That is, you'd want to test that any new migrations don't cause a
system failure - not that every migration can be run, each time the CI
system runs against a new build.

+1

I would like to see a way to test migration, especially those
involving substantive changes to the data, in the framework. And
being able to run them against a large enough dataset, preferably a
copy of the production database. But I don't see testing migrations
being the same thing as running test cases against the test database.

Assaf

Yup. Another common practice is db/dataload.rb, a script of
ActiveRecord operations to put some data into the database, with the
corresponding db:dataload Rake task. Using AR and domain to create
this data is much easier than doing the same thing with YAML-based
fixtures.

I've set up apps to detect when they have an empty database, and to
run an action which uses regular AR stuff like User.new to seed the
database.
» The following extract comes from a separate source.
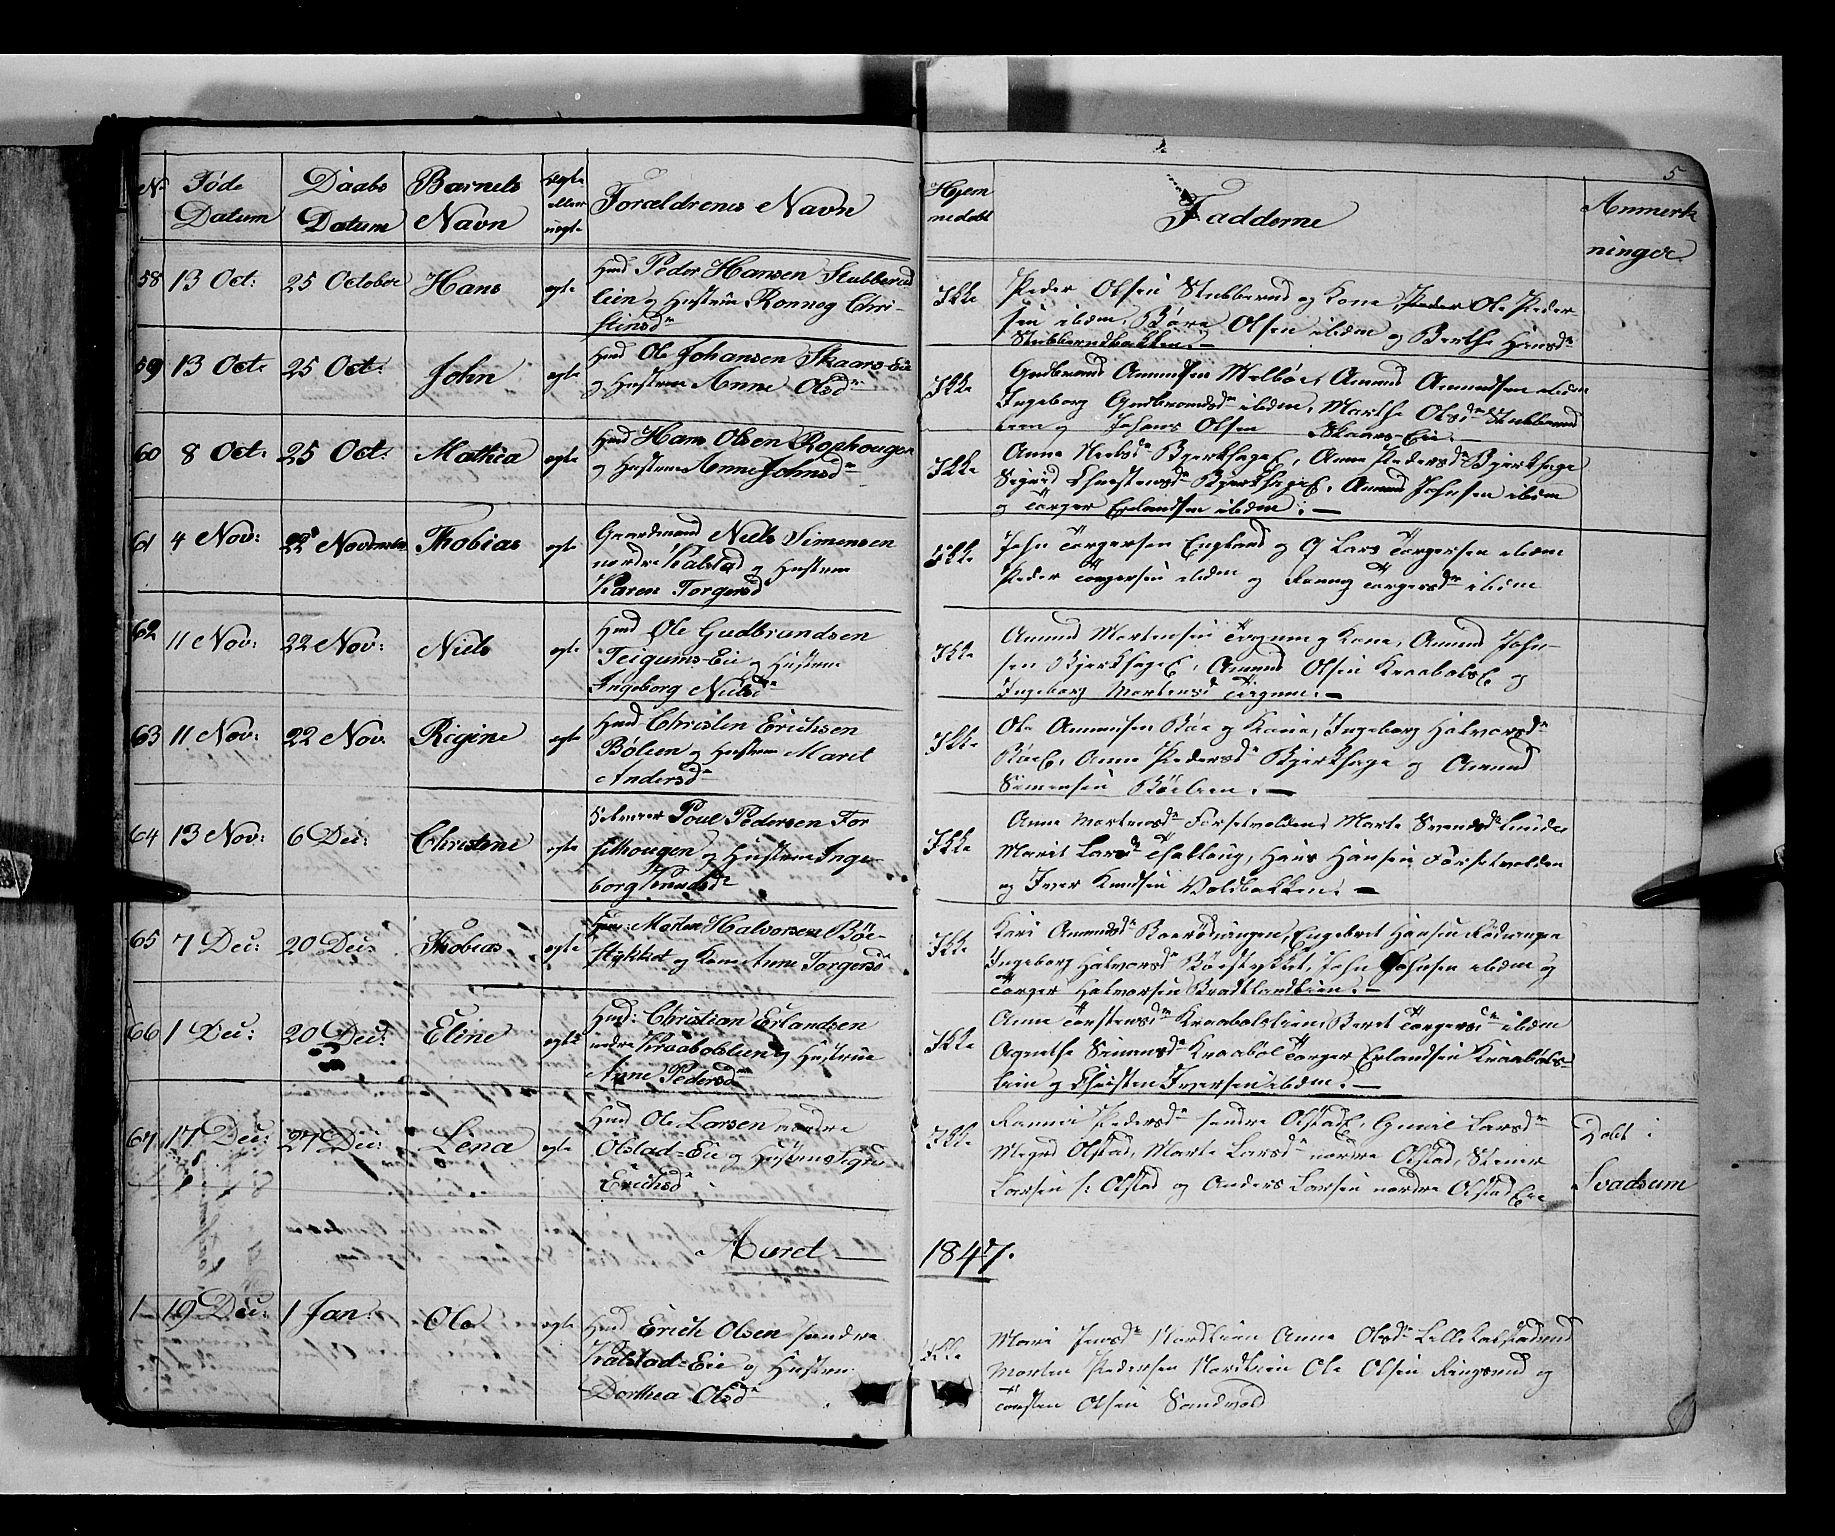 SAH, Gausdal prestekontor, Klokkerbok nr. 5, 1846-1867, s. 5

That way, the application "sets itself up" the first time
it's run - no additional rake task needed (but with the overhead of
checking to see if we've got a "clean slate").
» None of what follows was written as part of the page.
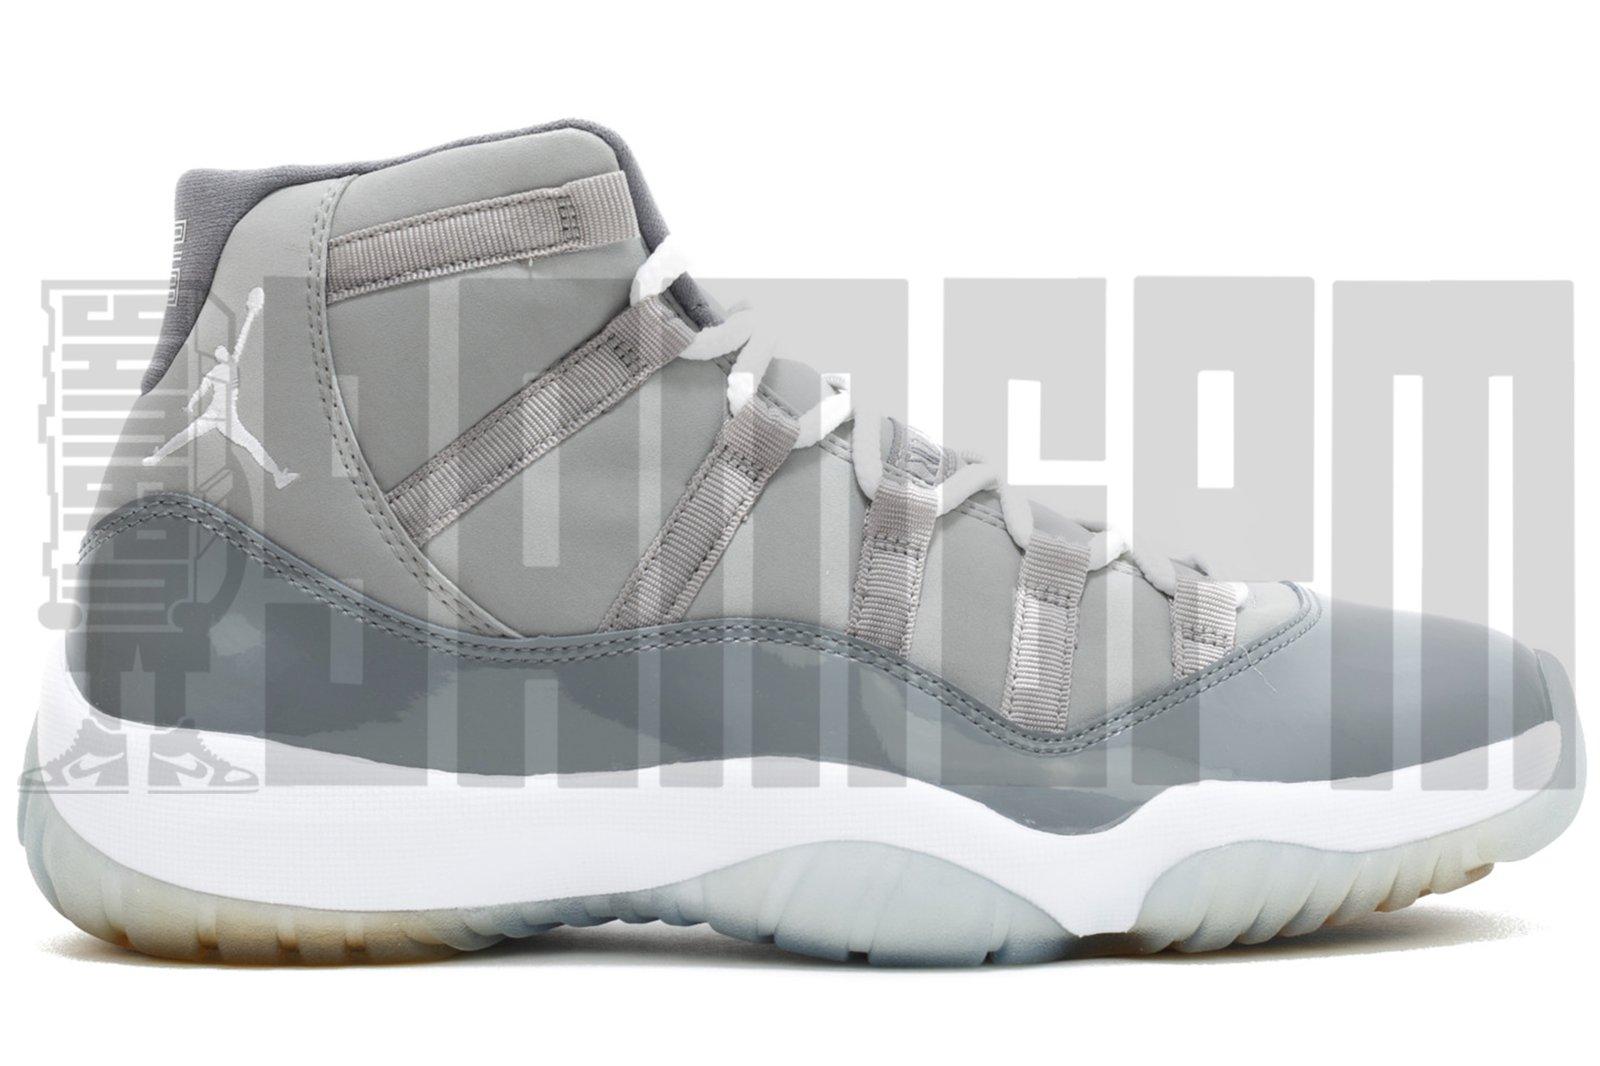 eb5ba0a3e5bc Nike AIR JORDAN 11 RETRO

In an ideal world, I think Rails applications that have the right info
in config/database.yml would be able to create their own database
(something like rake db:create), load their own schema (rake
db:schema:load), and seed their own data (rake db:bootstrap)
automatically when run for the "first time".

The trick would be knowing when an application was being run for the
first time, but that might be as simple as telling people to not run
rake db:schema:load (or rake:db:create) and simply starting their
application after filling out config/database.yml (if database doesn't
exist or has no tables, run some "init" action if it exists).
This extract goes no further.